No, it hasn't been the end of chess. And in fact, Kasparov has built this whole thing about humans and chess engines working together. So I think there's some possibilities there. Doomsters and salvationists thinking the rapture is about to come-- both overestimate the short term. So we're going to solve mathematics. And the mathematicians-- no, no.
That's us. We can't do that. I think, just calmed down a little bit, everyone.
Yeah. Question at the end of the talk that you don't believe we should completely invest in the hype of generative AI because there are other fields, like energy, robotics, [INAUDIBLE] that clearly have direct effect on our lives. Can you talk about the synergy between those, so using generative AI? Yeah.
So perhaps, generative AI can help with some things, but don't forget the basics of it. There's a basics of energy. There's some basic equations about energy. It doesn't get solved just by having a better generative AI system.
It doesn't solve all the problems. There are going to be a large class of problems.
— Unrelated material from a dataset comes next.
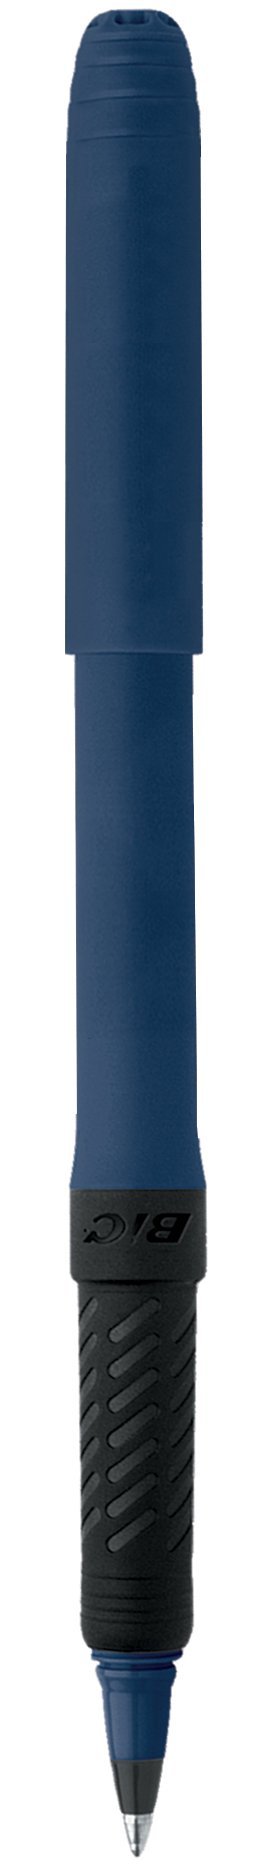 BIC® Grip Roller Pen Navy Single Color

No one technology has ever surpassed everything else. Writing didn't surpass everything else.
Reading, writing didn't surpass everything else. So take it easy. There's going to be a lot of stuff. I had a very famous technologist come to me two years ago. She said, her son was just about to graduate from a well-known university in mechanical engineering. My God, what's he going to do with his life as a mechanical engineer? It's all over.
Well, there's plenty of jobs for mechanical engineers. Thank you, Rod. Let's thank Rod once again. [APPLAUSE] We're going to take a 10 minute break.